Menurut Ismail Maki, dari FORMAT, mengapresiasi kinerja Kejari Kabupaten Pasuruan. Lantaran tersangka PKBM sudah dilakukan penahanan. " Namun kami minta Kejaksaan juga bisa mengungkap aktor utama dalam kasus ini," jelasnya, baru-baru ini.

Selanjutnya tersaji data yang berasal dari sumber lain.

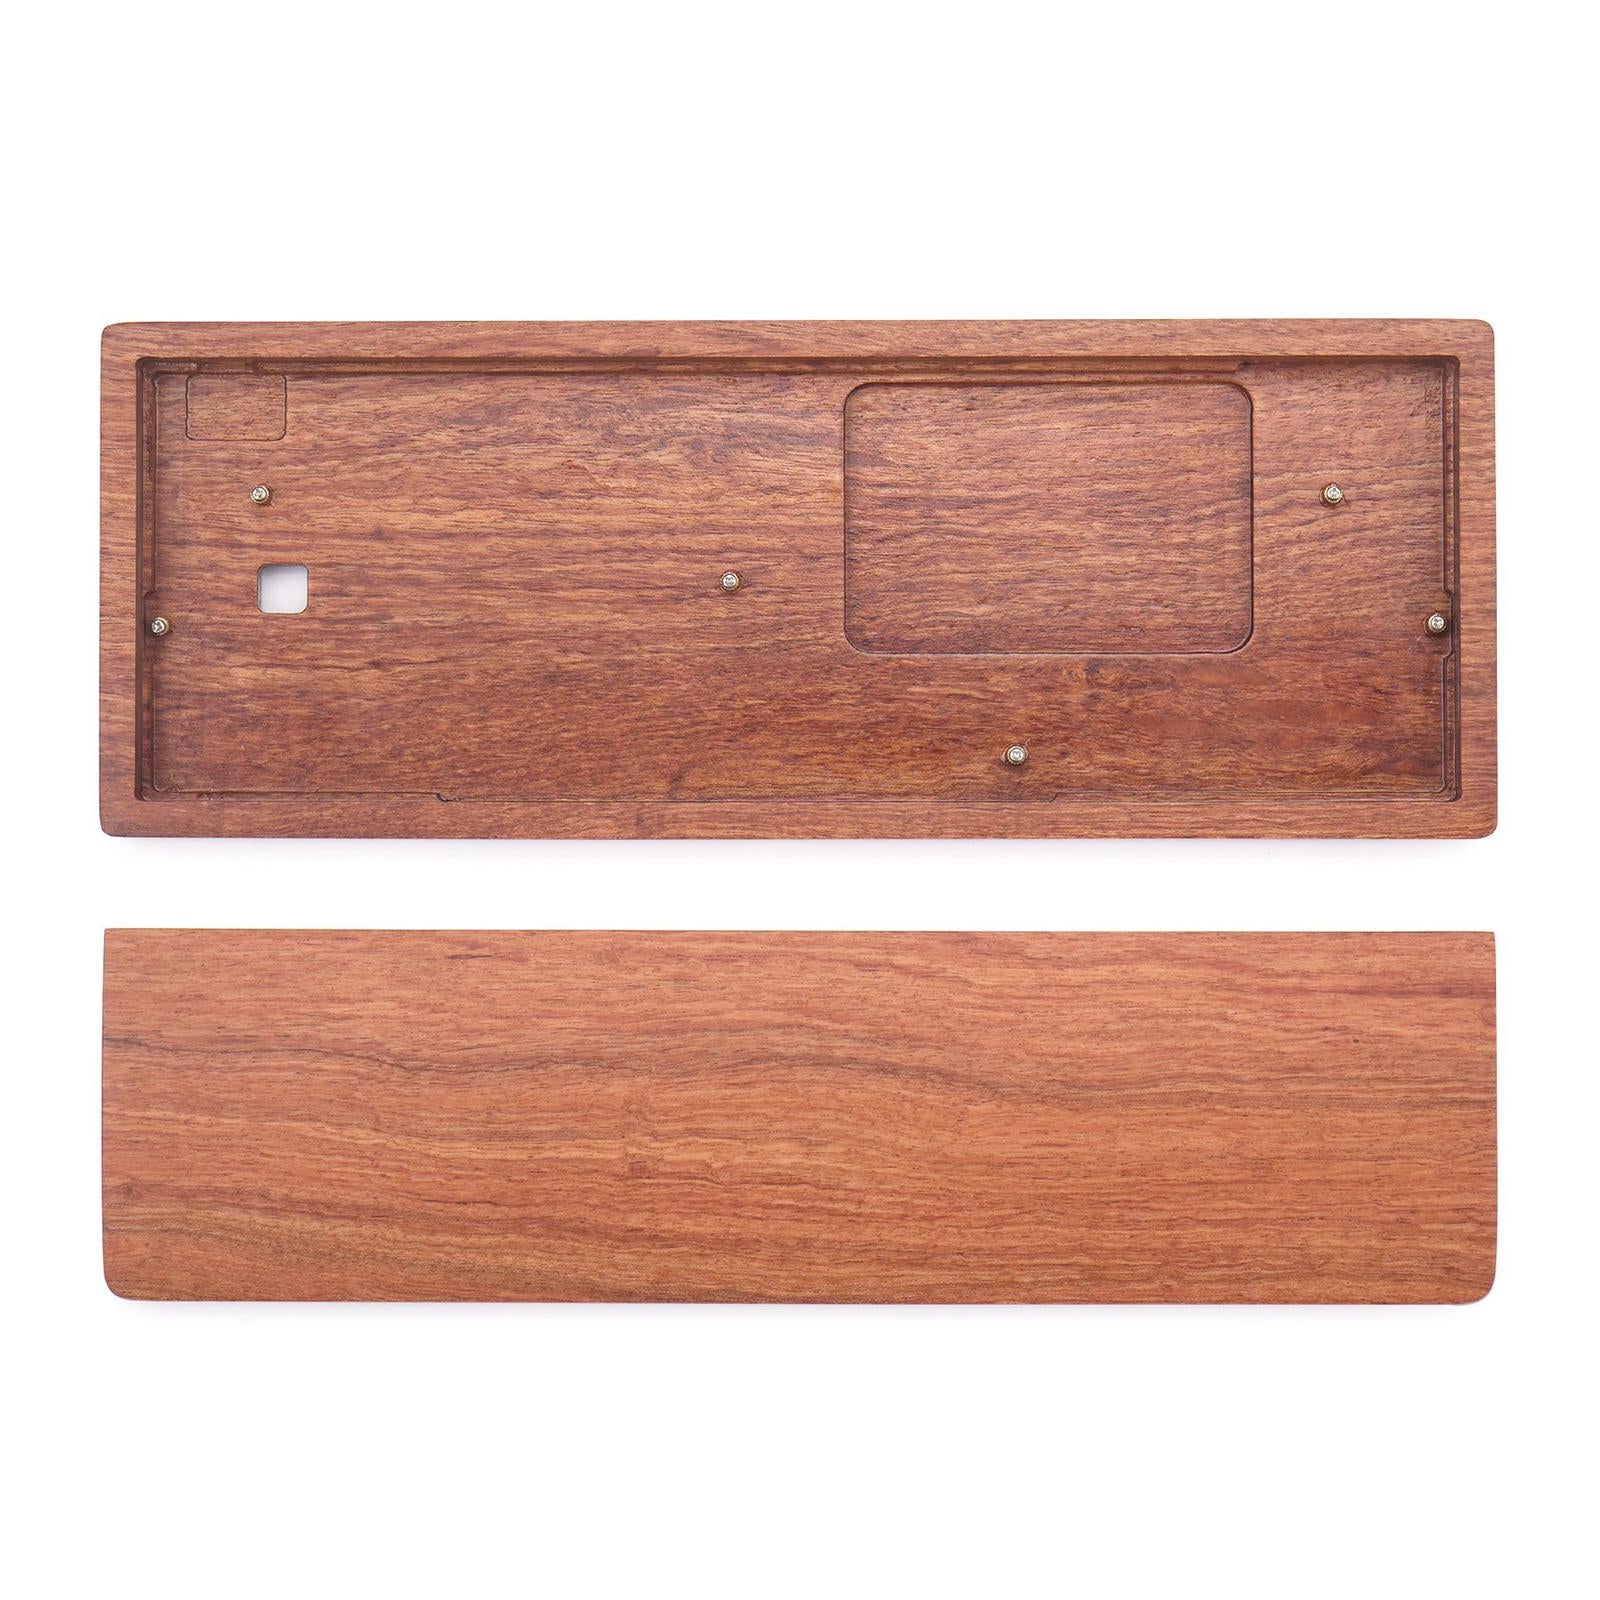 Wooden Case for GK61X GK61XS GK64X Mechanical Keyboard Rosewood

Baca juga: Dewan Pendidikan Jatim Ajak Sekolah Ajarkan Siswa Mampu Ubah Sampah Menjadi Berkah

Senada, Abdul Muin Aktivis LSM Penjara juga meminta agar konseptor dalam kasus PKBM ini bisa ditangkap oleh kejaksaan. "Kami sangat mengapresiasi kinerja Kajari Kabupaten Pasuruan,” tambahnya.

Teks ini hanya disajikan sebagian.